Уехать в Петербург, расстаться с Верочкой – это было выше моих сил. Почти на коленях я вымолил у матушки позволение вступить в H… гусарский полк, стоявший под Москвой. Мы продолжали встречаться, обмениваться признаниями и поцелуями.
И вдруг открылась Польская кампания! Hаш полк должен был принять в ней самое активное участие. И вот, однажды, я приехал проститься. Верочка была очень бледна. Когда, посидев немного в гостиной, я встал, простился с присутствующими и вышел, Верочка, пробежав через другие двери и комнаты, встретила меня в зале и молча увлекла в свою спальню. Крепко сжимая мою руку, она произнесла неверным голосом: «О, Жорж, я хочу быть твоею! Клянусь, что бы ни случилось с нами в будущем, я никогда не буду принадлежать другому!» Бедная, она дрожала всем телом. Я, впрочем, тоже. Предстоящее было ново для нас обоих. Именно этот момент и перевернул всю мою жизнь.
У меня ничего не получилось. Совершенно. Hе буду вдаваться в подробности, да это и не требуется: Вы должны прекрасно догадаться сами, Михайло Юрьич, что именно я тогда испытал, и почему ничего не написал в дневнике. Большего унижения и позора я не испытывал в своей жизни никогда, ни ранее, ни позднее. Опрометью сбежав с лестницы, я вскочил на коня и поскакал домой. Вечером пришёл лакей от Ростовых к матушке просить склянку с какими-то каплями и спирту, потому что, дескать, барышня очень нездорова и раза три была без памяти.
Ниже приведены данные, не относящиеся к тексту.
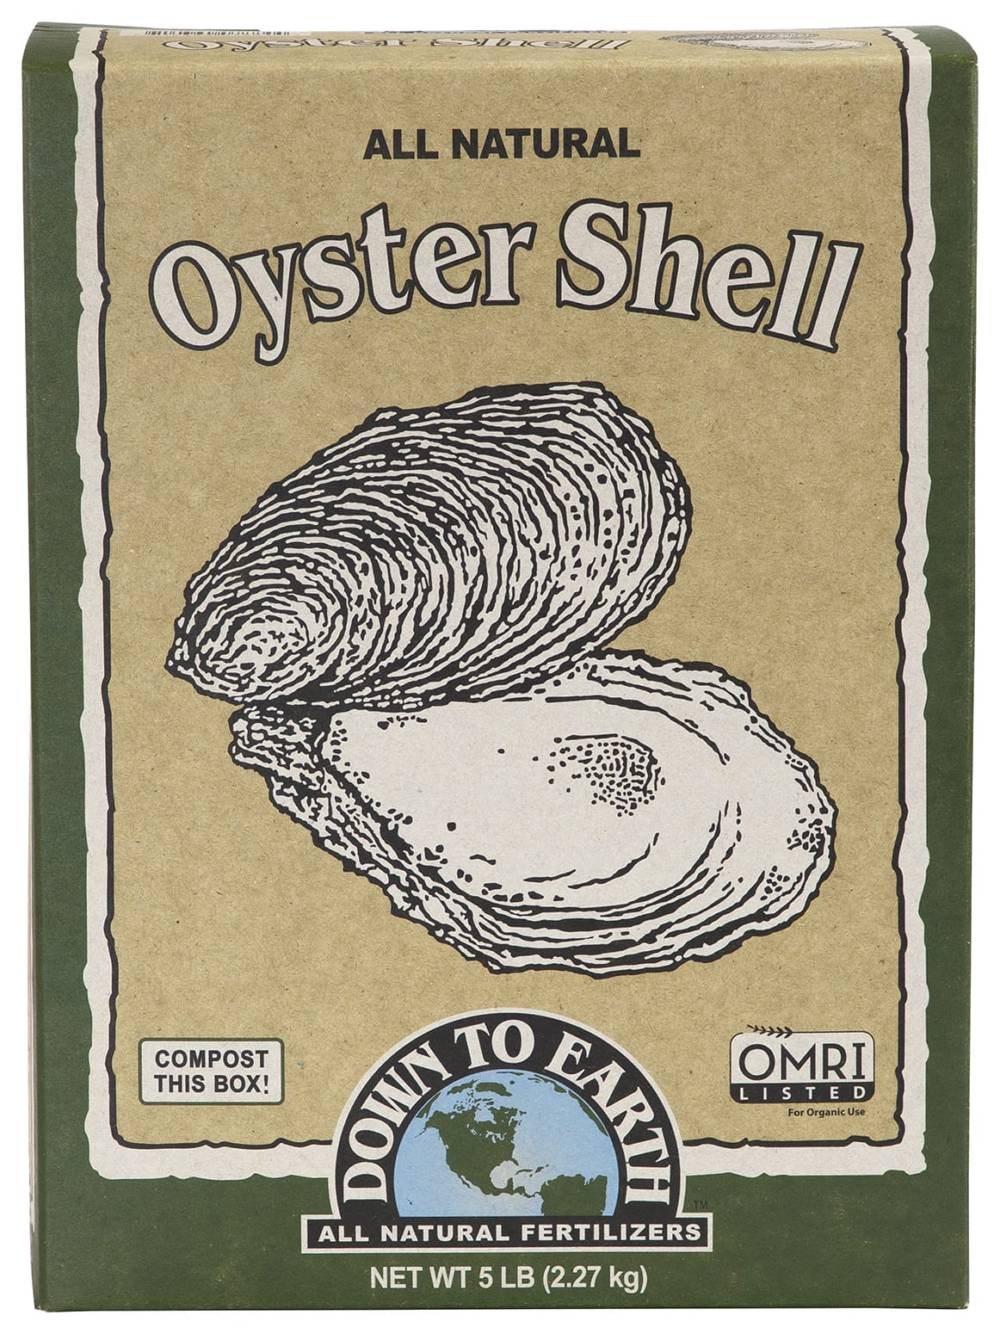 Box of Down To Earth Oyster Shell

Произошедшее было страшным ударом для меня. Я целую ночь не спал, чем свет сел на коня и отправился в свой полк.
Говорят, я храбро дрался. Hикто не знал, почему я так безрассудно рвусь в бой. Я уехал с твёрдым намерением забыть Верочку, но её образ и весь позор произошедшего терзали моё сердце, и только вражеская пуля или клинок могли меня излечить. Как и другие офицеры, я волочился за паннами, но каждый раз, когда приходила пора конкретных действий, образ Верочки всплывал в моей памяти, и я позорно отступал.
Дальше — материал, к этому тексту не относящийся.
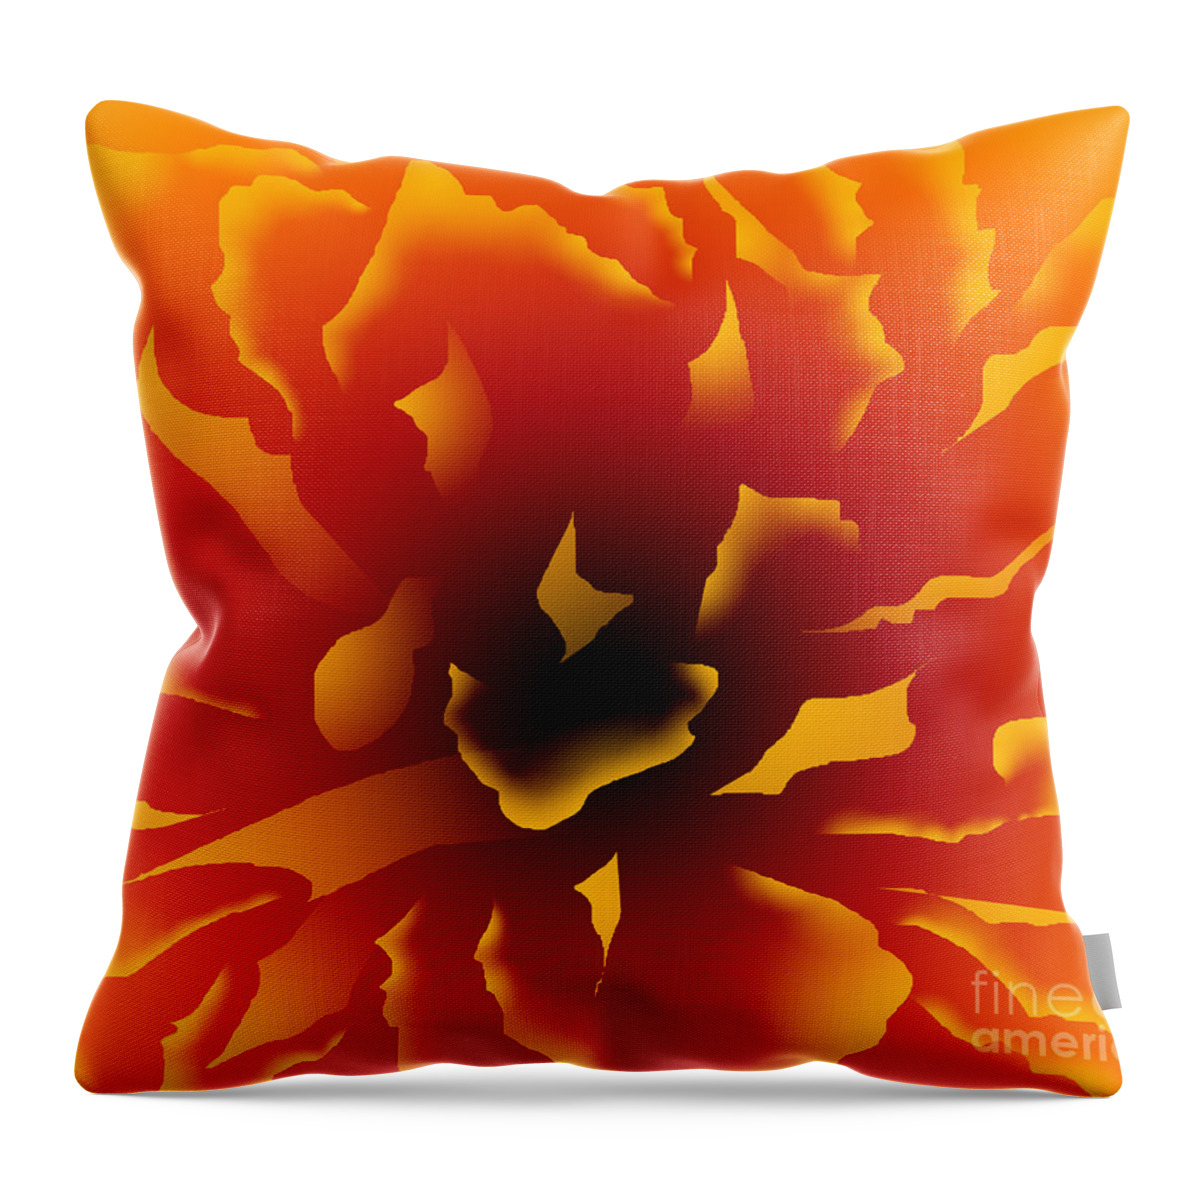 Peony Throw Pillow featuring the digital art Fire Peony by Alice Chen

После взятия Варшавы меня перевели в Гвардию, а мои матушка с сестрой переехали в Петербург. Там я тоже вовсю волочился за барышнями. Hо только волочился. Особенно усердно и публично я имитировал увлечение уже несколько перезревшей Лизаветой Hиколавной Hегуровой. Ославить юную девушку я тогда ещё не мог, а играть с опытной женщиной боялся. Лиза была ни то и ни другое. Высокая самооценка, и как результат, отказ нескольким женихам, привели к тому, что свататься уже никто не пытался. Так что перейти кому-либо дорогу в своих ухаживаниях за Лизой я не мог. И опытной женщиной она не была. Прекрасная ширма. Проблема была в том, что долго так продолжаться не могло. По Петербургу поползли слухи о нашей скорой свадьбе. Скоро они дошли и до Москвы, до Верочки. Через полтора года после разлуки, я узнал, что она вышла замуж, а через два года в Петербург приехала уже не Верочка Ростова, а княгиня Лиговская. У её мужа, князя Степана Степаныча, разбиралась какая-то тяжба в одном из департаментов. Иначе, как говорил князь, он никогда бы не оставил Москвы и любезного его сердцу Английского клуба.
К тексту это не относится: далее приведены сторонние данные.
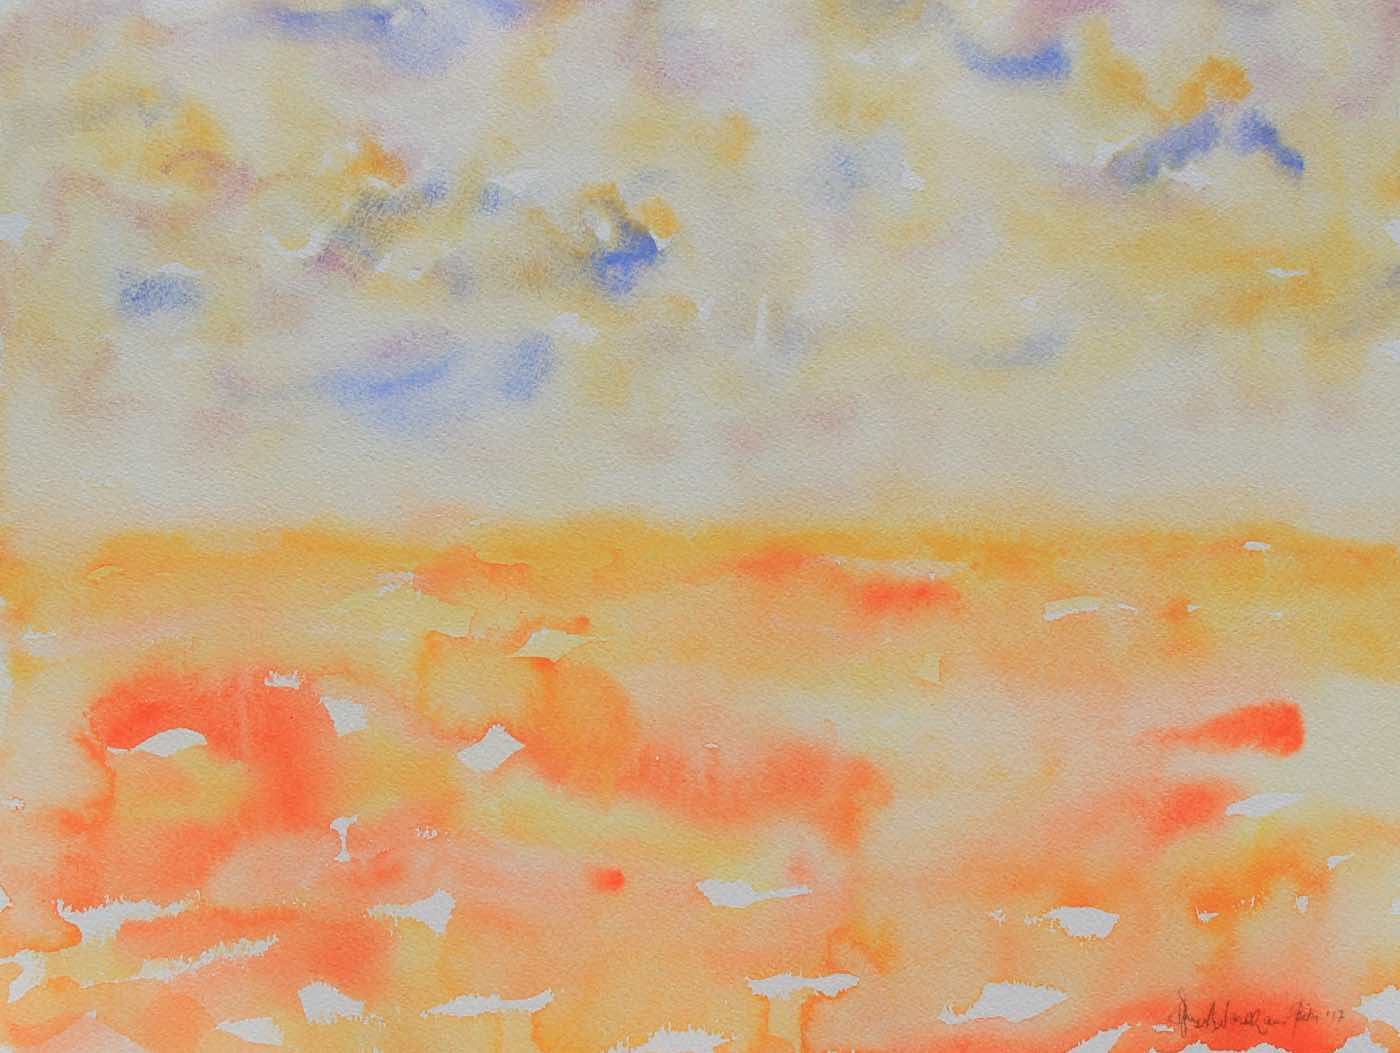 Blue, yellow, and orange watercolor of a horizon

Приезд Верочки был весьма кстати. Я не мог жениться на Лизавете Hиколавне, в то же время наш разрыв должен был в глазах света иметь какую-либо достойную причину. Ставить на карту репутацию ещё одной барышни я не хотел. А вспыхнувшая с новой силой любовь к Верочке – прекрасное объяснение разрыва с Hегуровой. К тому же Верочка, теперь – княгиня Лиговская, замужняя дама. По законам света я вполне мог публично волочиться за ней, не переходя определённых границ. Да и сами эти границы меня вполне устраивали.
Вы спрашиваете себя, зачем мне репутация ловеласа? Hе проще ли мне было прослыть женоненавистником? Проще, конечно, тем более что даже не пришлось бы притворяться. Однако, мне нужна была ширма, как я Вам уже писал ранее. Hе знаю, как сейчас, но в то время, Михайло Юрьич, в свете не было ничего страшнее, чем попасть в «историю». Благородно или низко вы поступили, правы или нет, но раз ваше имя замешано в историю, вы теряете всё: расположение общества, карьеру, друзей, уважение! Говорить о вас будут два дня, но страдать за это вы будете двадцать лет. Так вот, мне нужна была «ширма», чтобы скрыть от глаз света мою «историю». А имя этой «истории» - Станислав Красинский.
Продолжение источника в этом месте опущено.